---------- The input
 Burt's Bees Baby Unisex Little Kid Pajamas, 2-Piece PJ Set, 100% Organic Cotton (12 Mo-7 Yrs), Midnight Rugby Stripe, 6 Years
--------------------
---------- The input
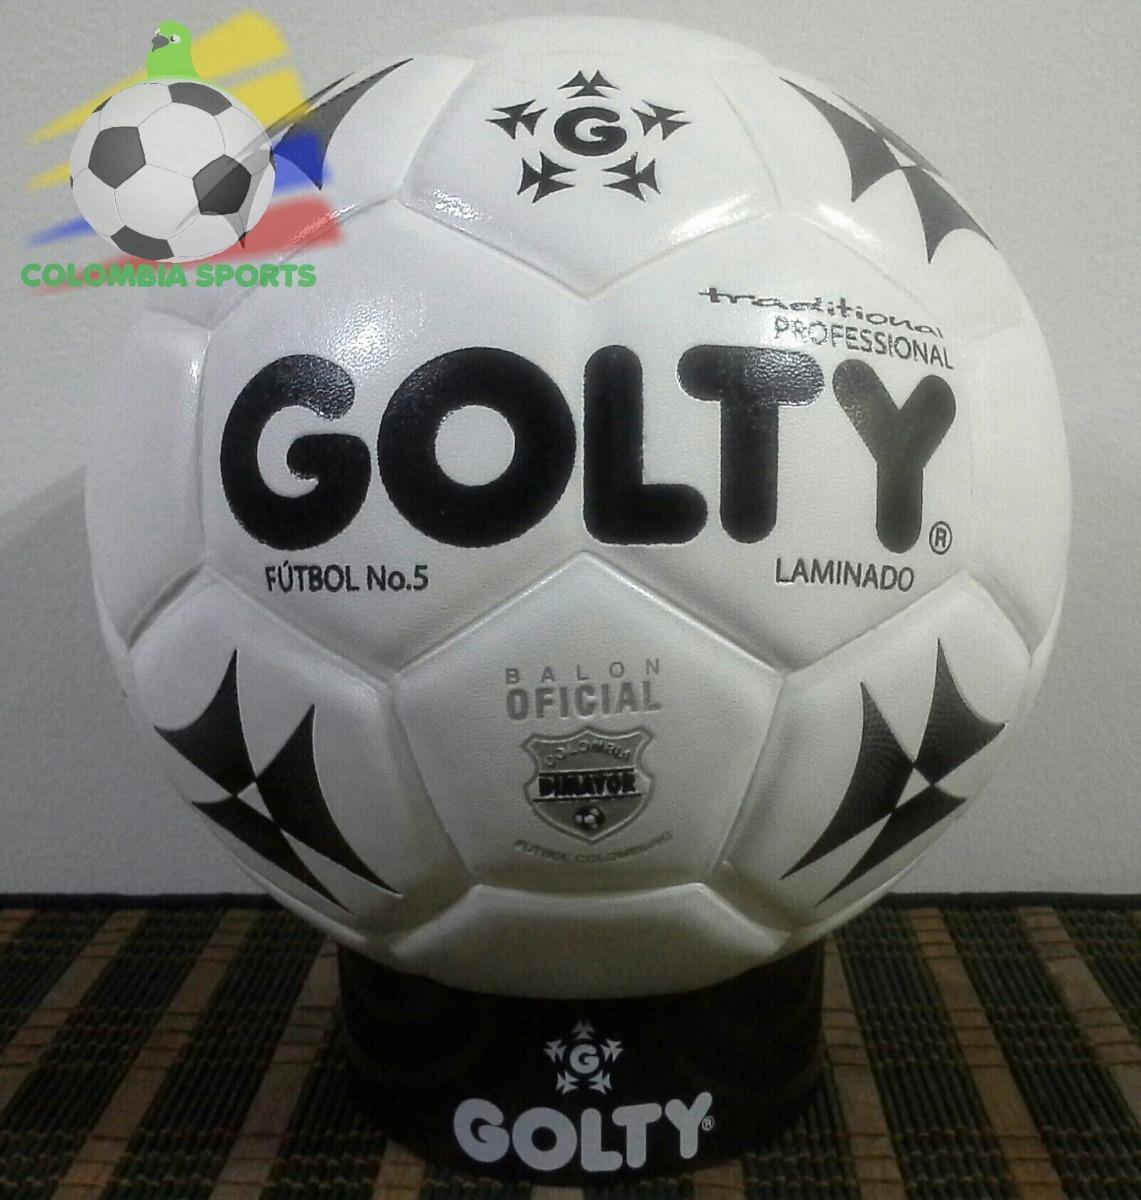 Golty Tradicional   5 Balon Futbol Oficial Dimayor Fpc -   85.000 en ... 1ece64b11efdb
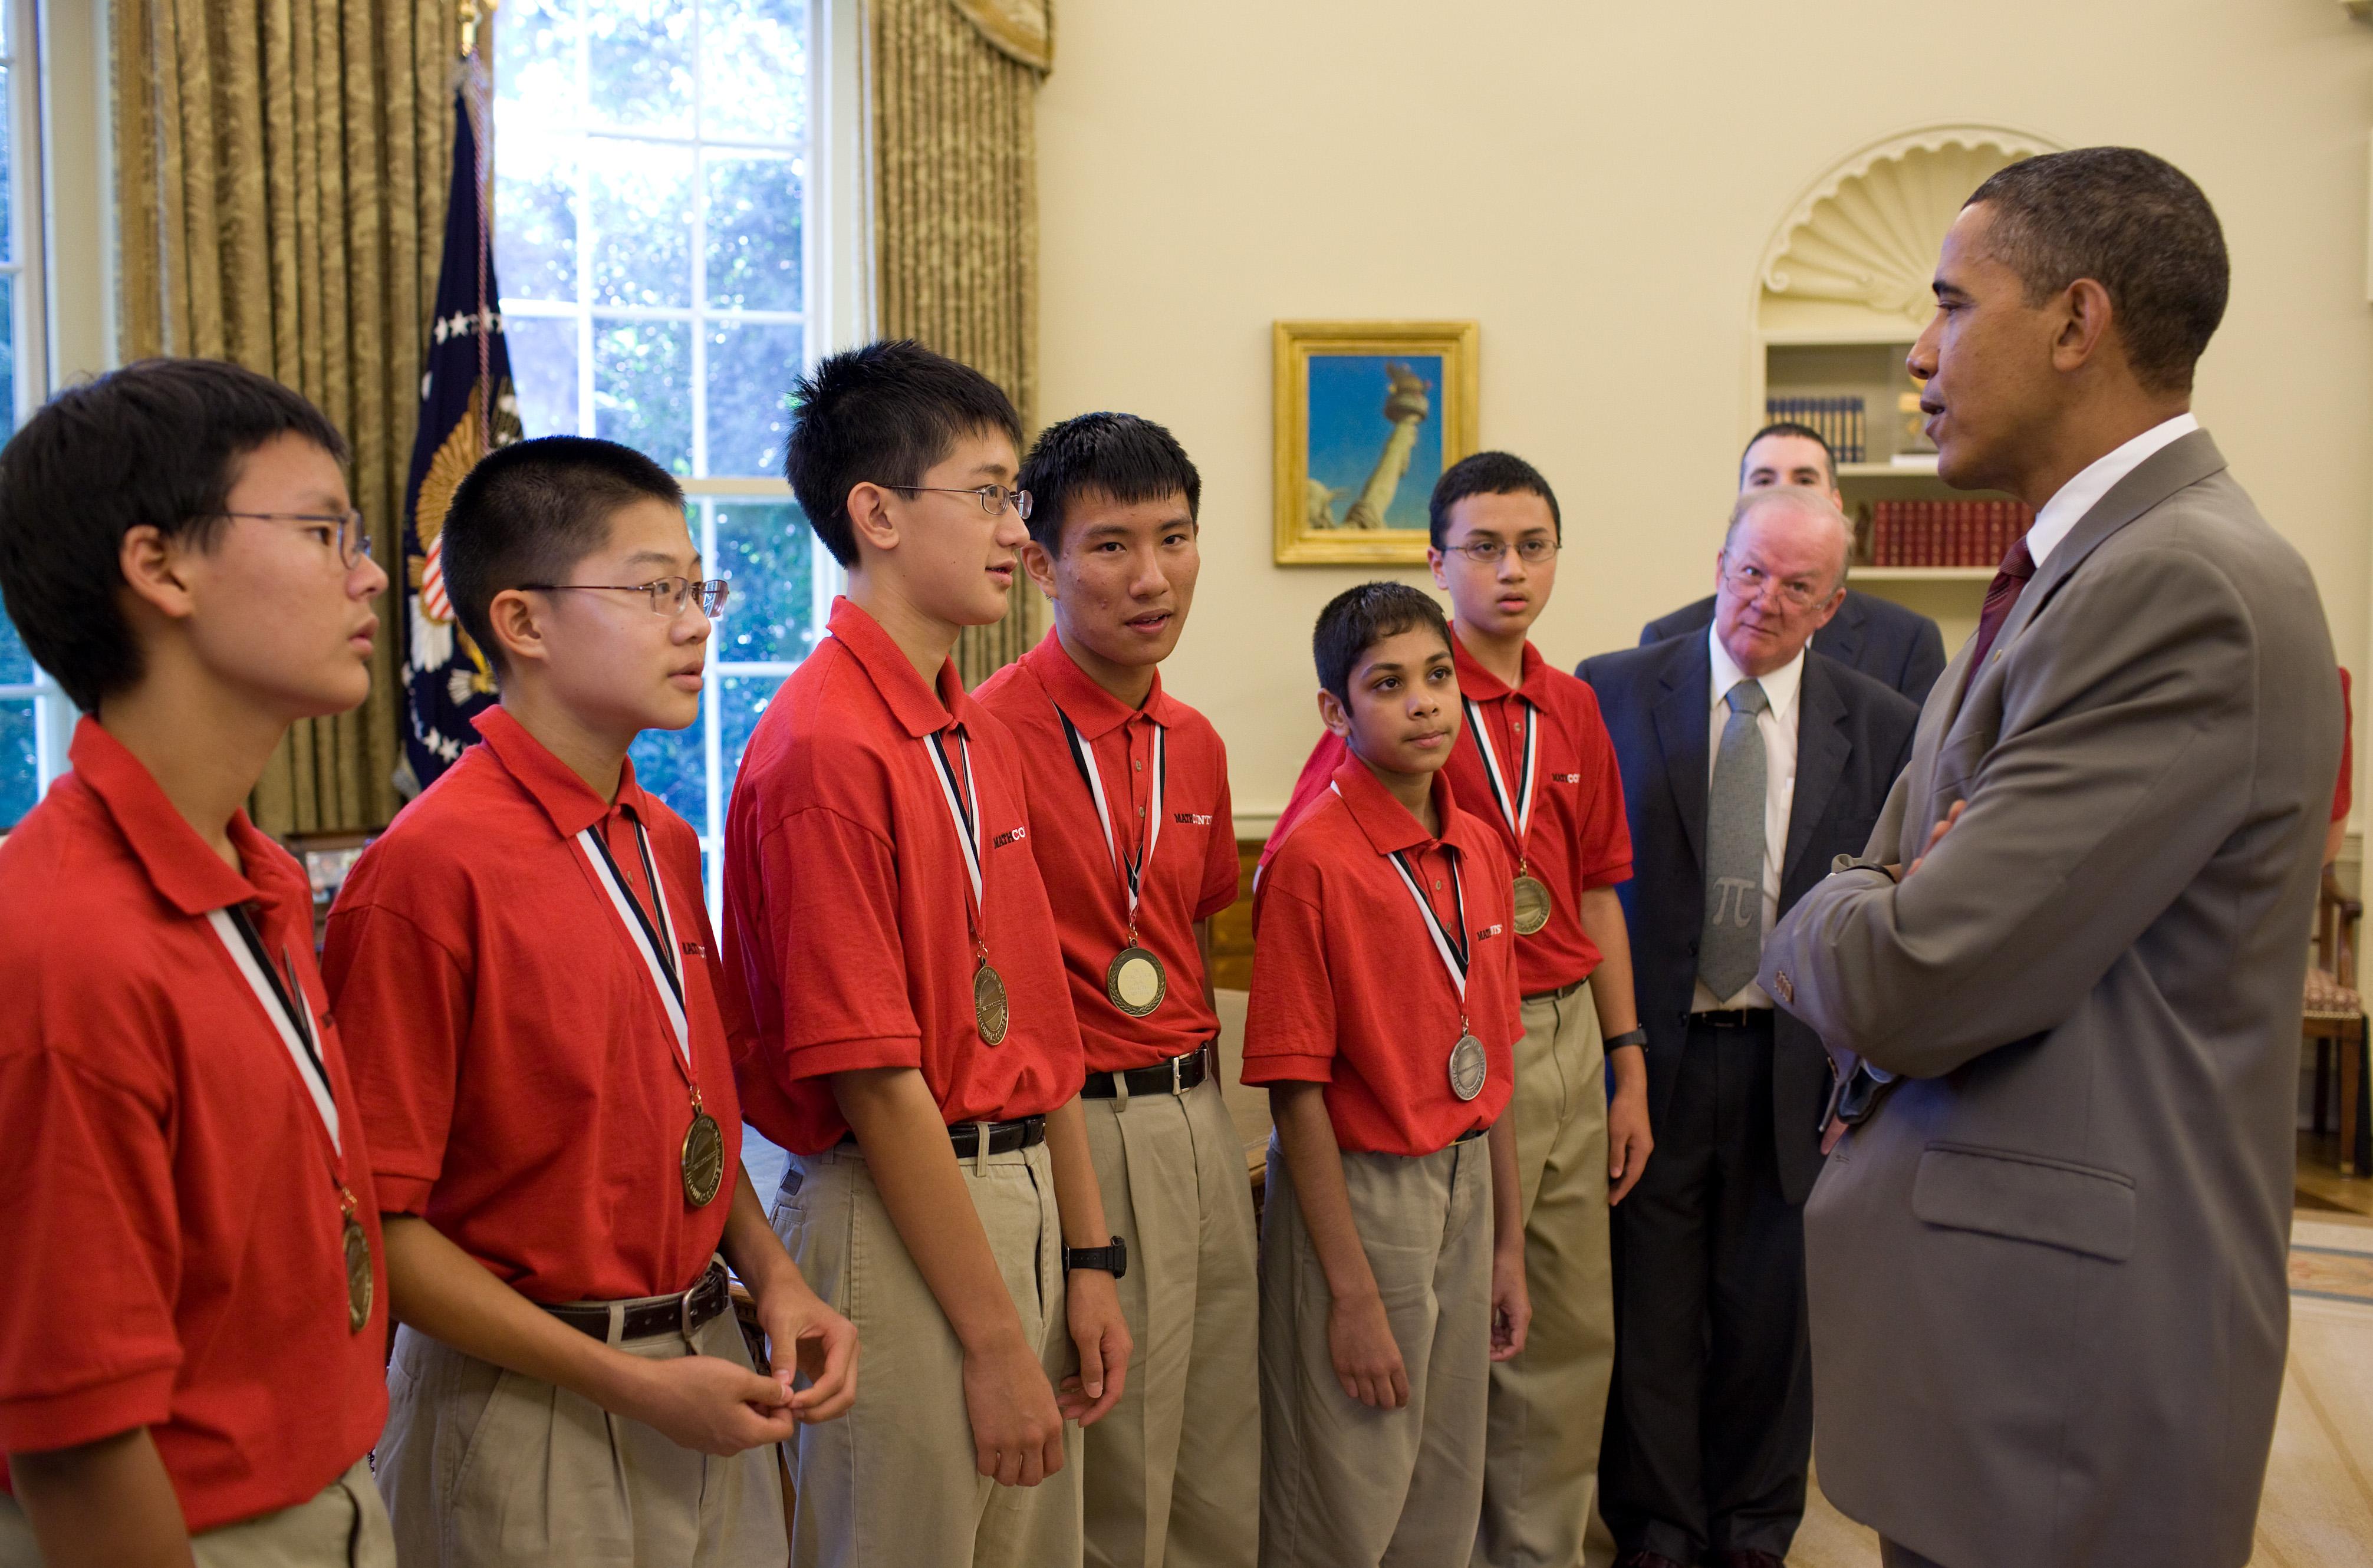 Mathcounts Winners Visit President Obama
--------------------
---------- The input
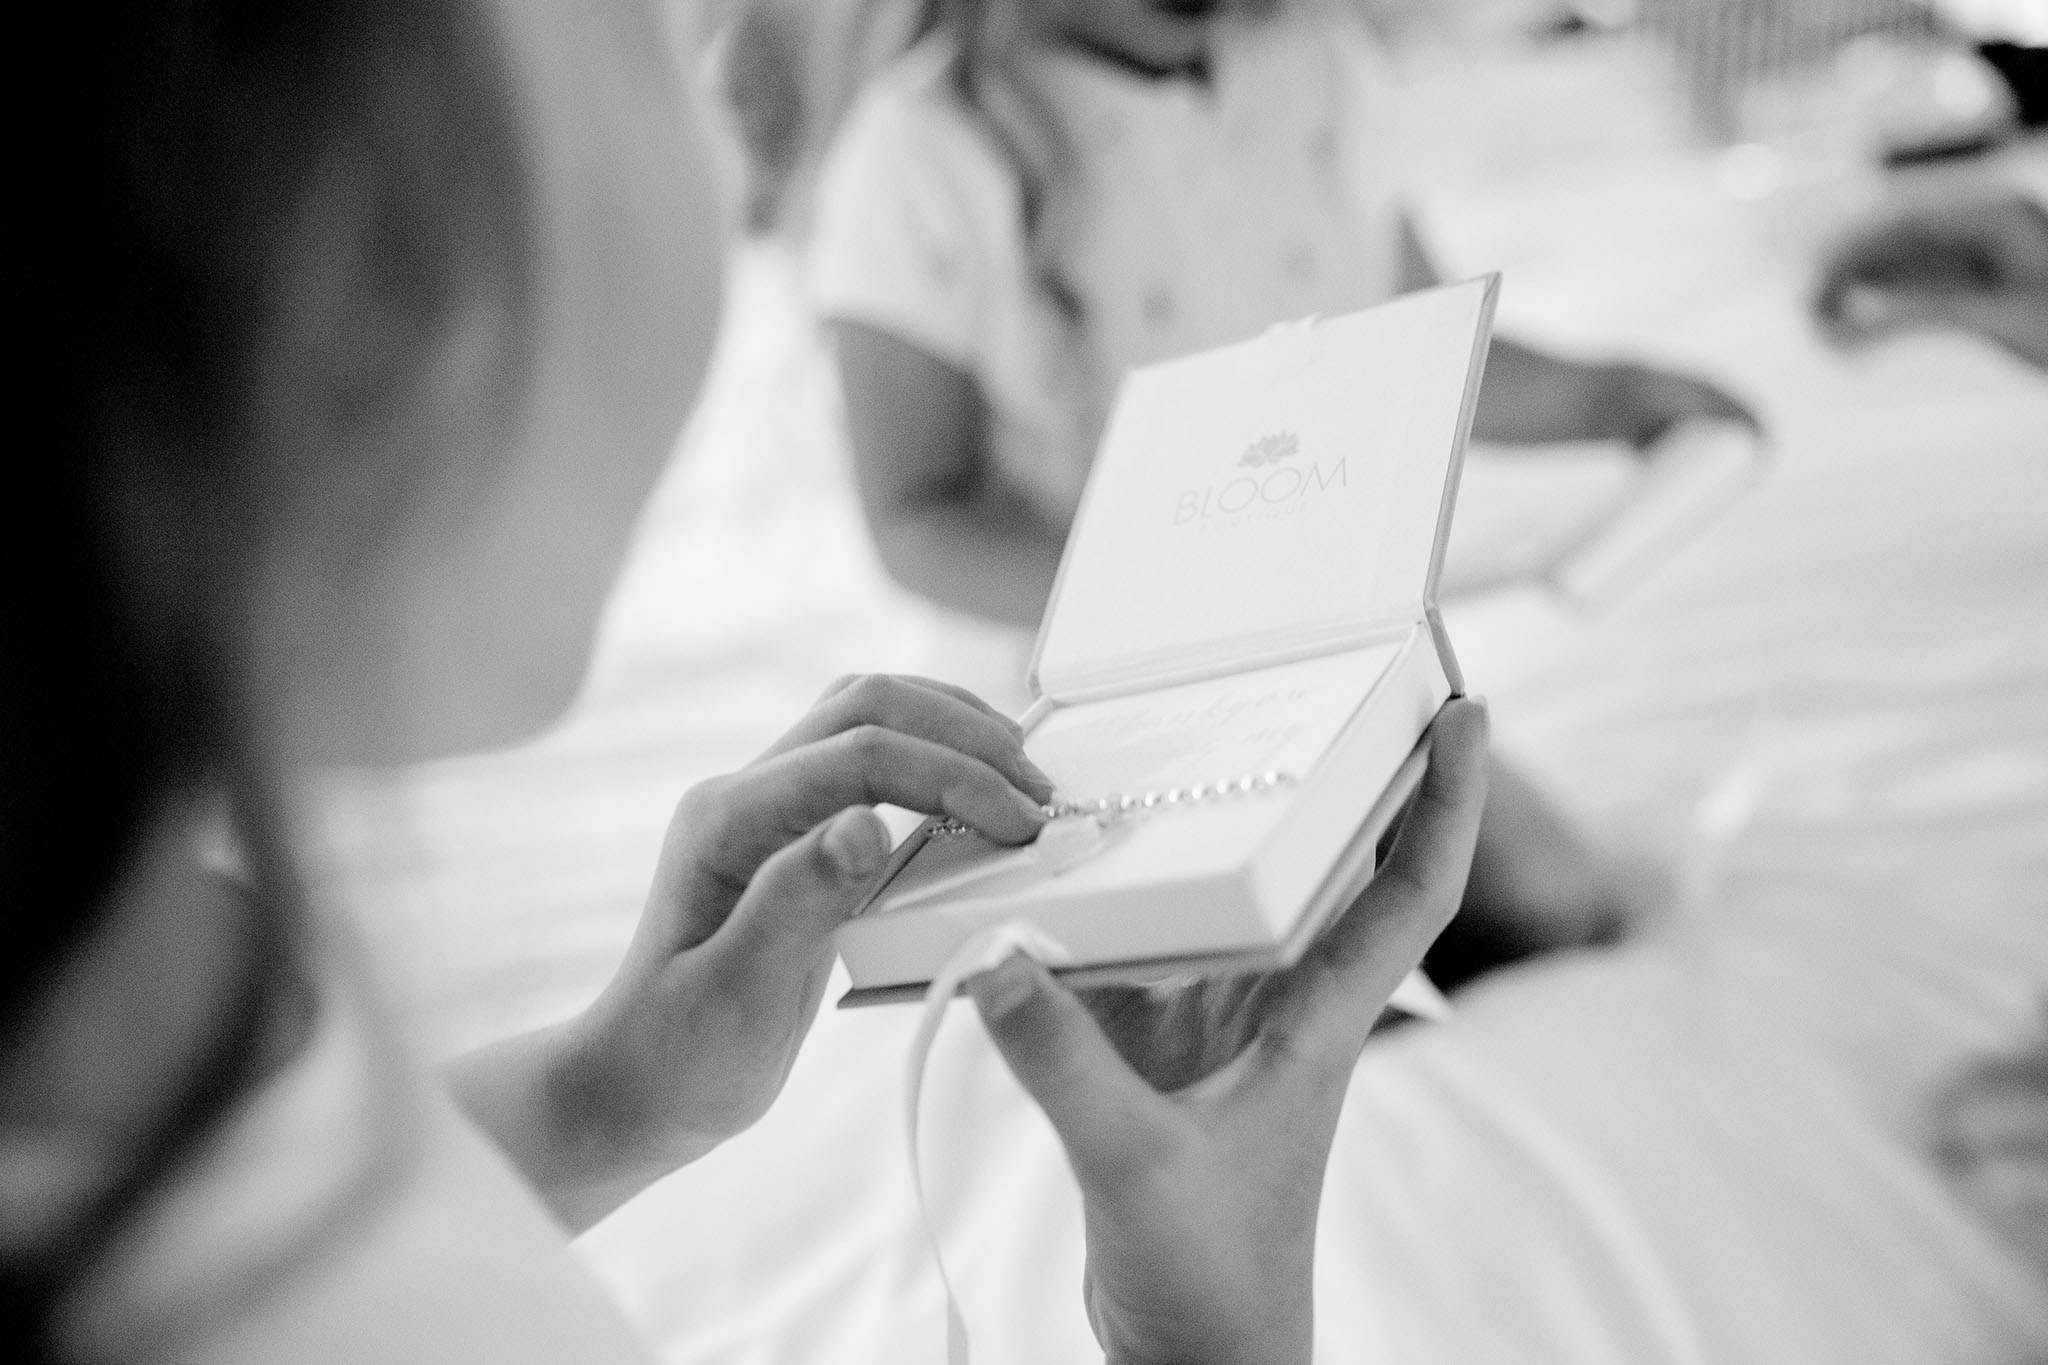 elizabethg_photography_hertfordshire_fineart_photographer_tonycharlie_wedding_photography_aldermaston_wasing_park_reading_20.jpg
--------------------
#### Work request
Work from the entries above. Set down exactly and only the lines from the line with "en ... 1ece64b11efdb" to the line with "Mathcounts Winners Visit President Obama", both included, and leave the pictures out.

#### Response for this exercise
 Golty Tradicional   5 Balon Futbol Oficial Dimayor Fpc -   85.000 en ... 1ece64b11efdb
 Mathcounts Winners Visit President Obama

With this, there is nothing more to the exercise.